So, according to Sacks biblical morality is a tension or interaction between unity and diversity. I think I understand local morality more as custom or culture than morality although I think I can see why Sacks favours morality and certainly morality is a part of custom or culture. Universal morality will to a large degree be free of local custom or culture although its formulation might lead back to unspoken origins. I'm not inclined to worry too much about this so long as there is consensus over human rights.
More to the point, unity or diversity alone will inevitably over time lead to stagnation; each perspective challenges the other and so opens up possibilities for change. The activity which enables systems of morality or culture to be dynamic is conversation and I will return to this.
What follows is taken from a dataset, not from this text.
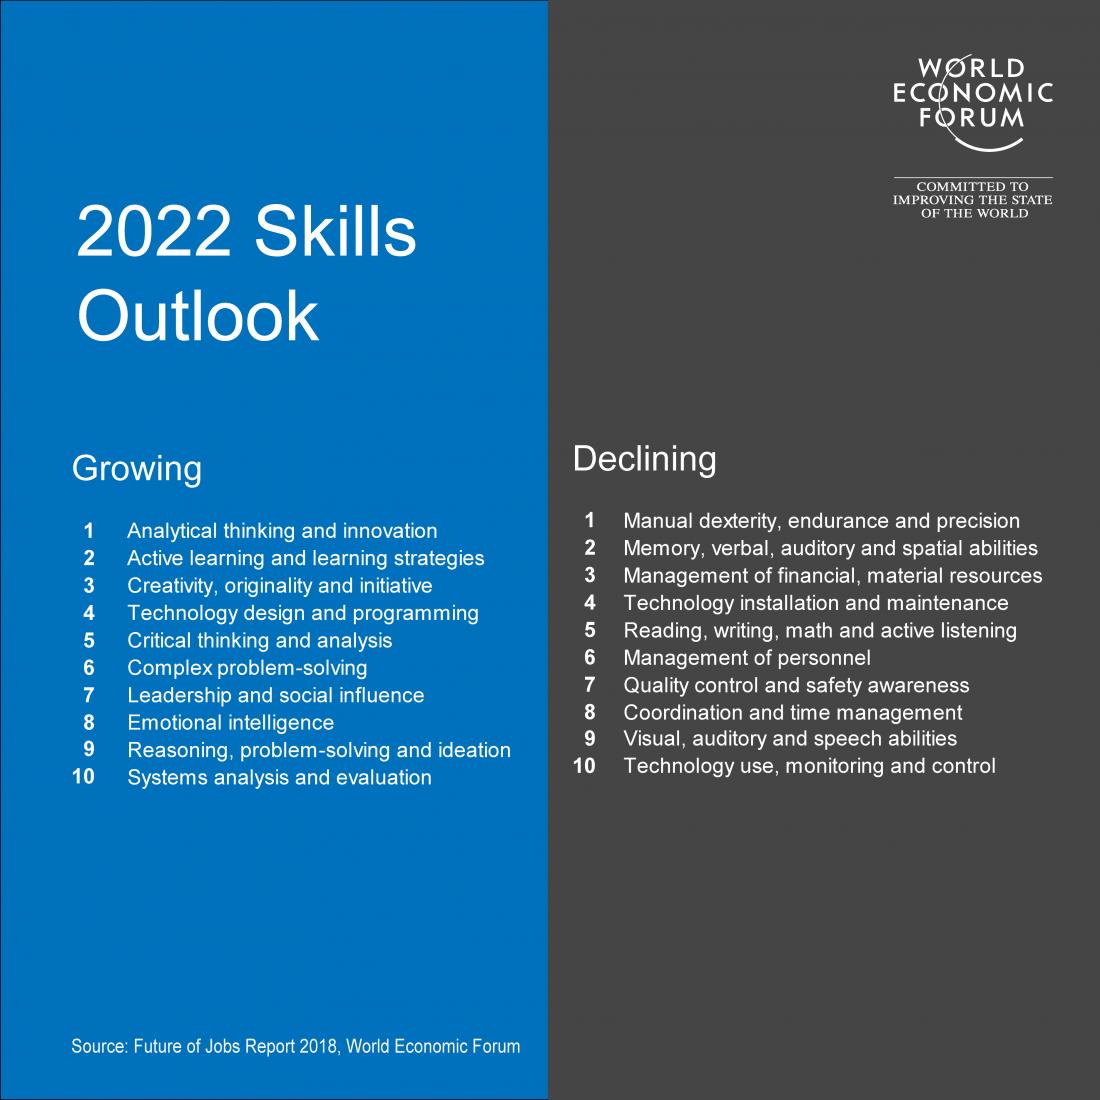 Quelles compétences seront demandées et lesquelles seront en déclin d'ici 2022 ?
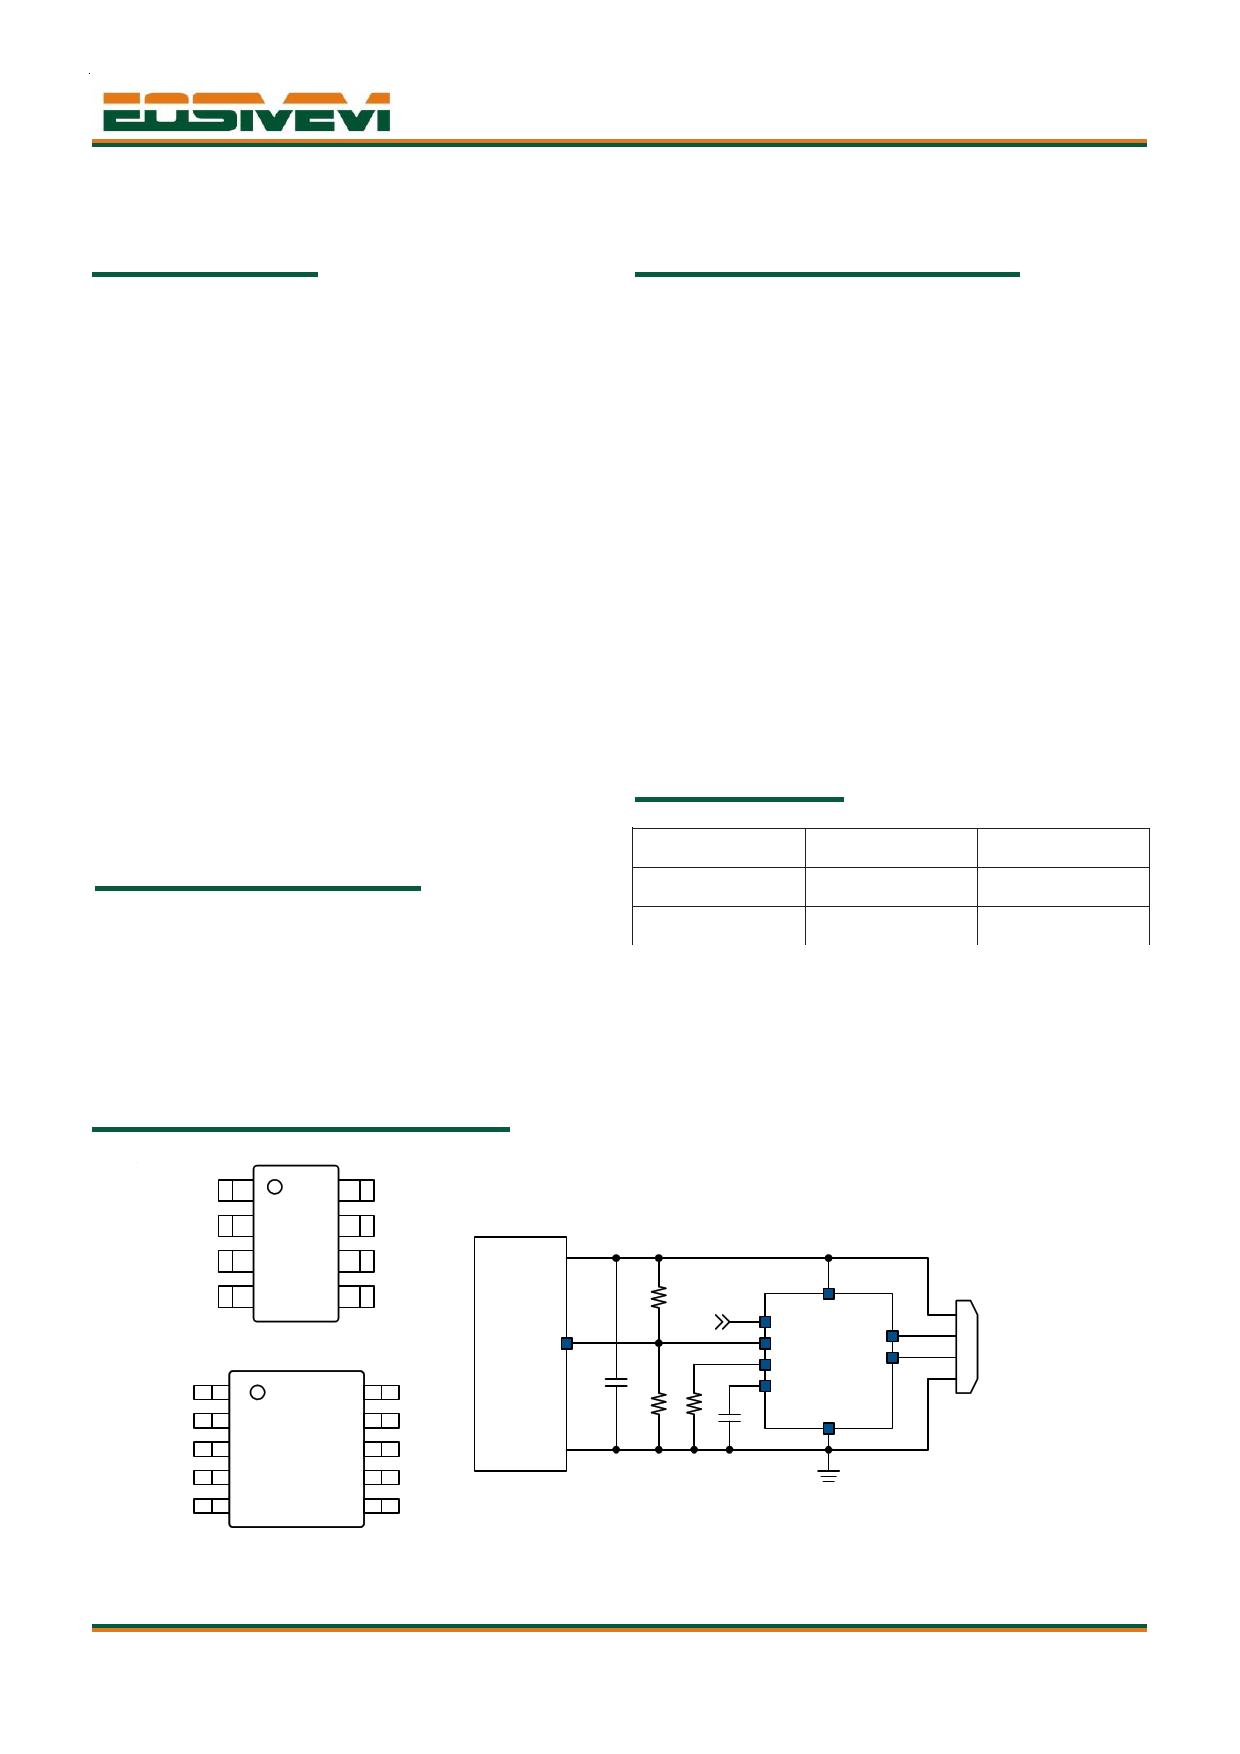 NT6008 데이터시트 및 NT6008 PDF

In chapter 3 of 'The Dignity of Difference' Sacks goes on to discuss the nature of God:
As an ancient Jewish teaching puts it: 'When a human being makes many coins in the same mint, they all come out the same. God makes every person in the same image - His image - and each is different.' The challenge to the religious imagination is to see God's image in one who is not in our image. That is the converse of tribalism. But it is also something other than universalism. It takes difference seriously. (Page 60)
No individual therefore can know the mind of God because they are a part of it. Indeed no community and culture can know the mind of God because they are still only a part of it. This is why conversations are so important; the spirit creates something new out of the clash of cultures.
By way of illustration, let me make two comments. First, theologians are increasingly recognising the importance of contextual theology as opposed to academic theology. For the former the context of the theologian is important, not because it is therefore somehow relative, but because its context needs to be understood alongside those of other theologies. Conversations may be less effective where the contexts of those taking part are not known. The criticism of academic theology is where it claims to be somehow more objective. The criticism is that the academic simply does not know his or her own context. This is why an early post described my context.
Second, Jesus' second commandment to love your neighbour as you love yourself. At school we were taught this as a three layer ranking of love. God first, neighbours second, self third. This splitting of the second commandment is of course absurd. If God has created all people in God's image then all people are equally loved. We have to love all including ourselves (and by extension our traditions) because all are loved by God. This is the origin of the idea of mutuality to which I will return in future.